I had tried rate limiting - both on wget itself and the APs, but the cams would still drop out. Sometimes they would drop out even if only one dashcam was being downloaded. Seems that just having the other 750s within range was enough to cause problems. For now i've swapped around the 750s with 650s from other vehicles whose videos we don't necessarily care about. In that I mean we don't need to have access to the videos the next day.
 
The reason I had suggested rate limiting via wget (like really slow rates for testing purposes) instead of rate limiting via the AP was because there is more in play than just wifi networking protocols that have not yet been eliminated as potential contributing factors. It is also possible that there is some issue with the 750s' implementation of the TCP protocol. Consider the case of dropped/corrupted TCP packet(s), for which the camera should eventually receive a NAK from the downloading computer. Is the dashcam properly retransmitting that portion of the file from its TCP send window or has it made sacrifices in order to operate with fewer resources including RAM? Perhaps the dashcam is being confused by a request to retransmit specific packets, causing the TCP or HTTP server process to hang up the rest of the dashcam OS/SoC? That you are experiencing increasing latency in ping requests, prior to non-response suggests a transport protocol issue occurring first but is not any real proof without network protocol analysis.
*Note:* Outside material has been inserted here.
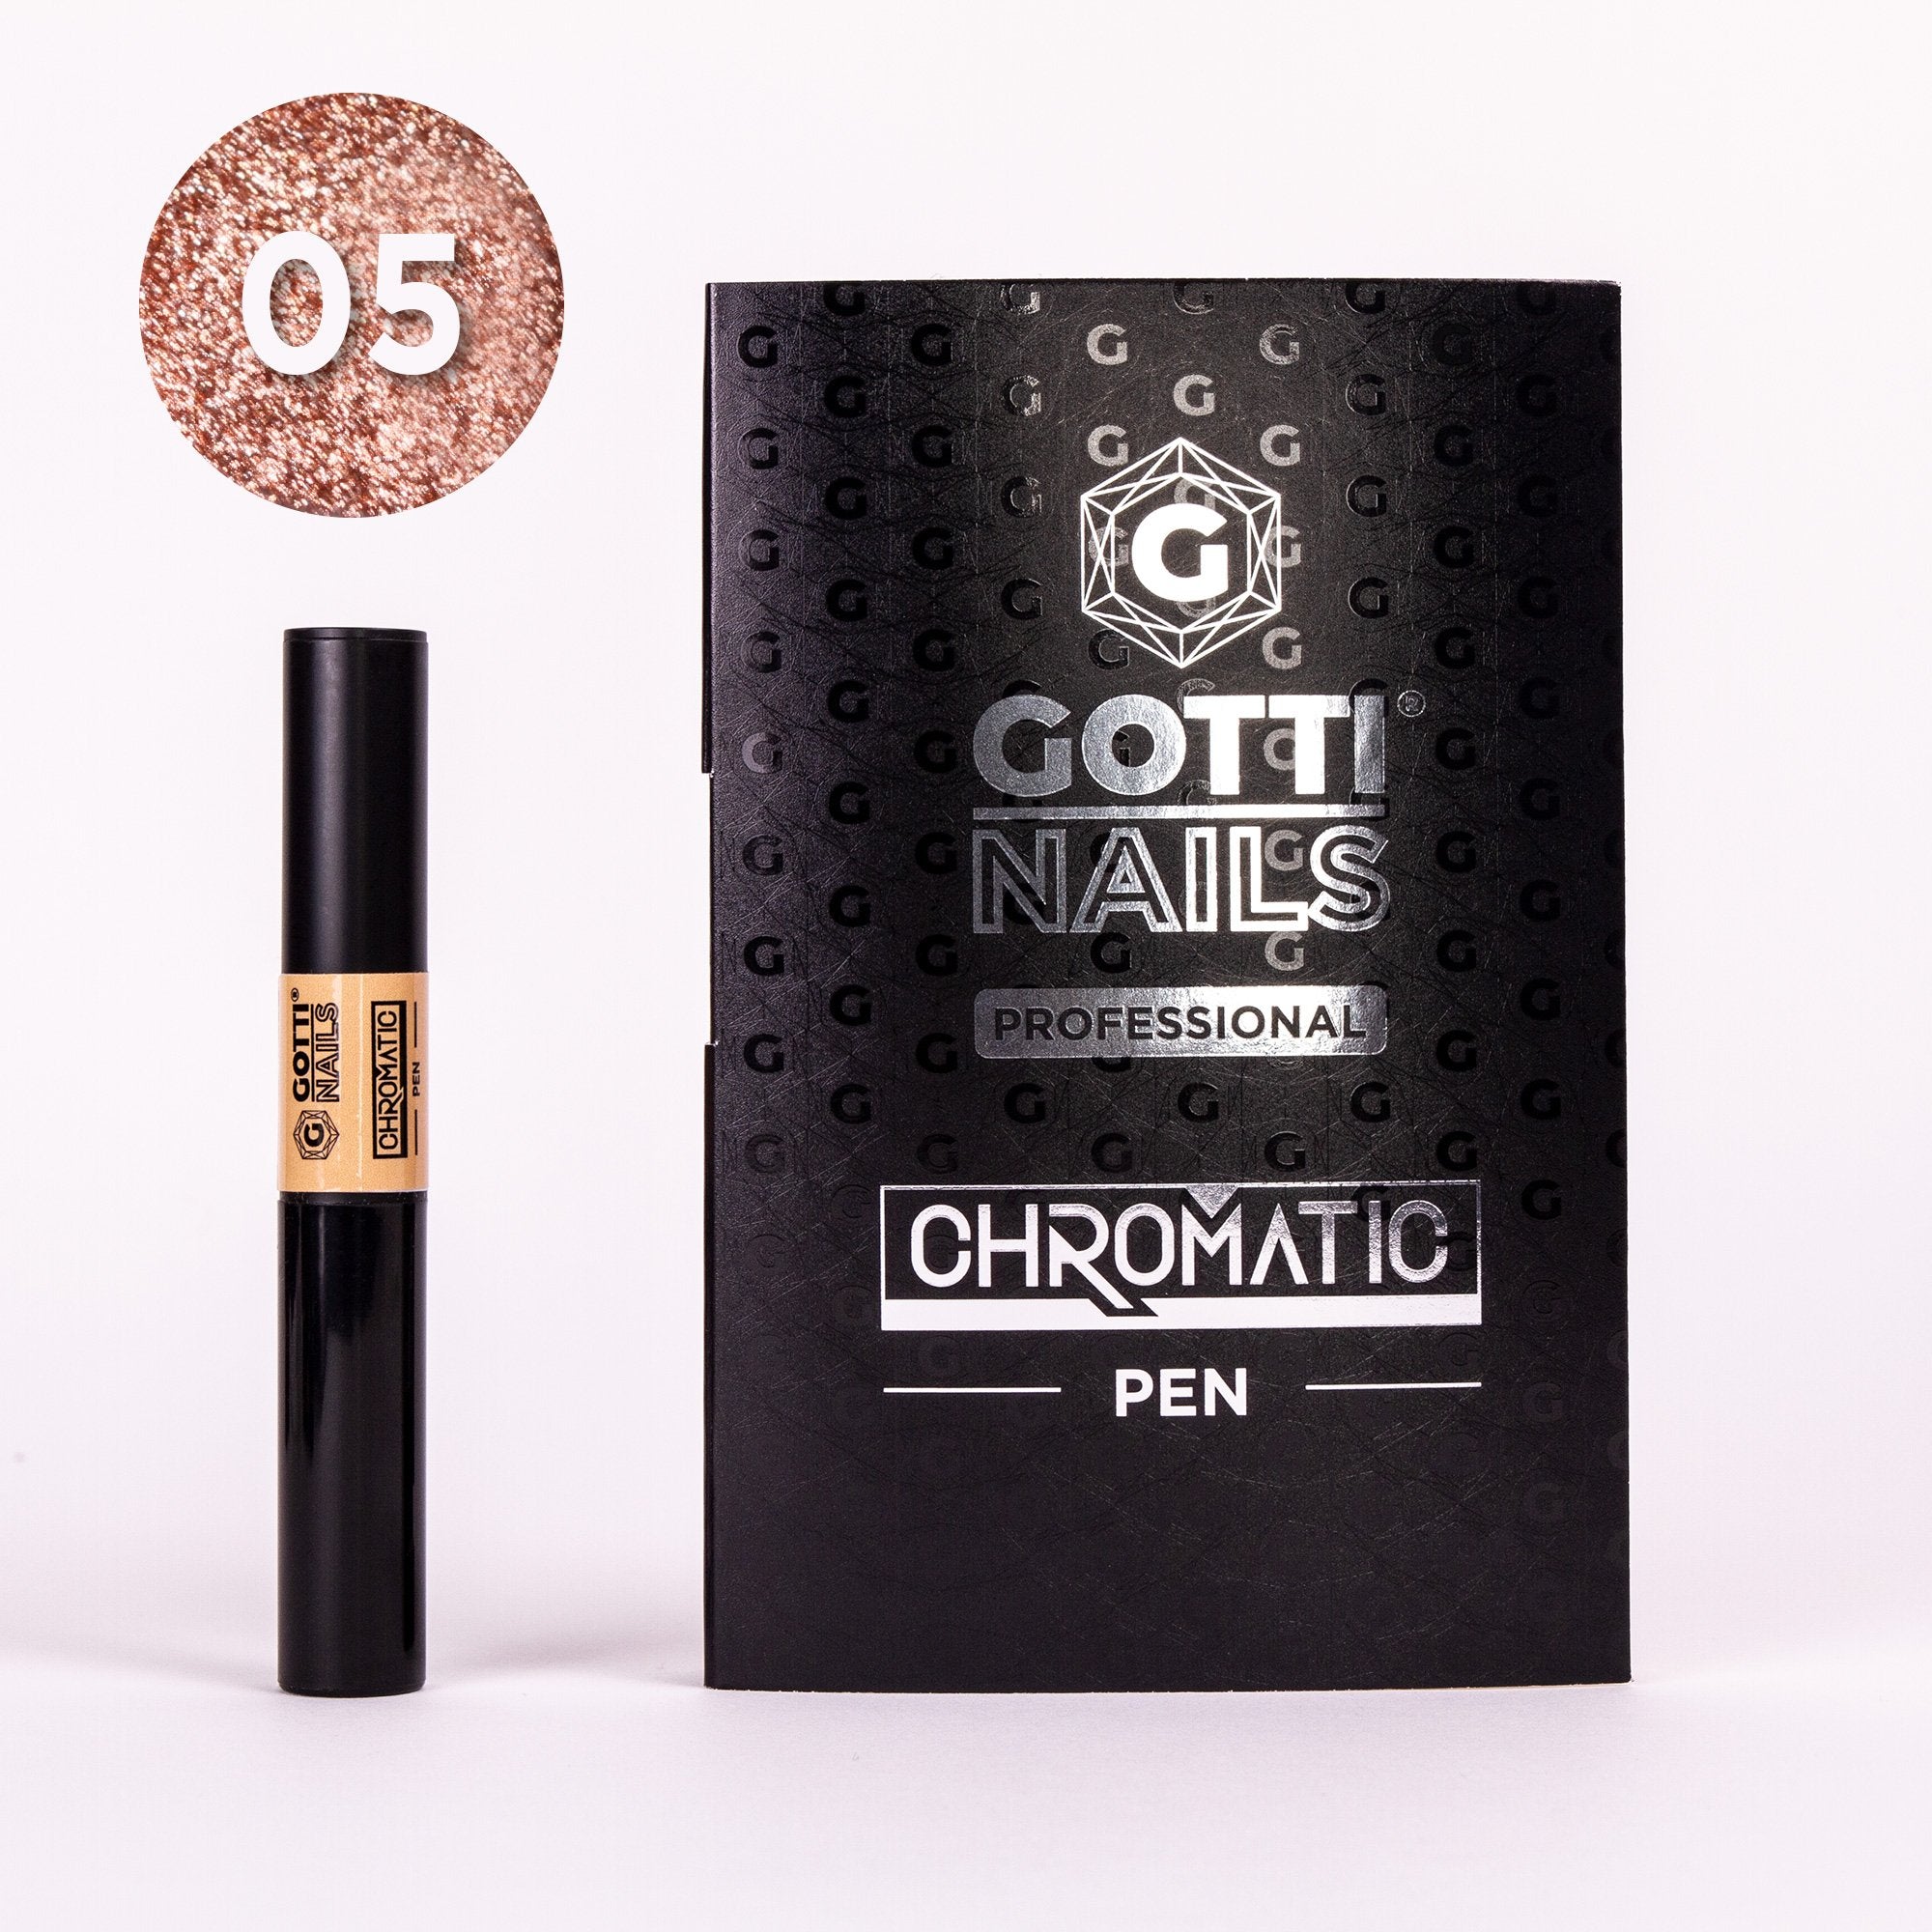 Chromatic Pen #05 by Gotti Nails

Try forcing 802.11g first. Then if problem still persists, you can try to find ways to workaround the issue present in the dashcam, because it may be next to impossible to get blackvue to even find or correct it. Or perhaps they have already identified an issue and it led to them making this recent change in their own hosted service. Please take notice as to how the service change does not affect the 650s, and that the language use of "for now" suggests that they discovered a problem which they may hope to fix?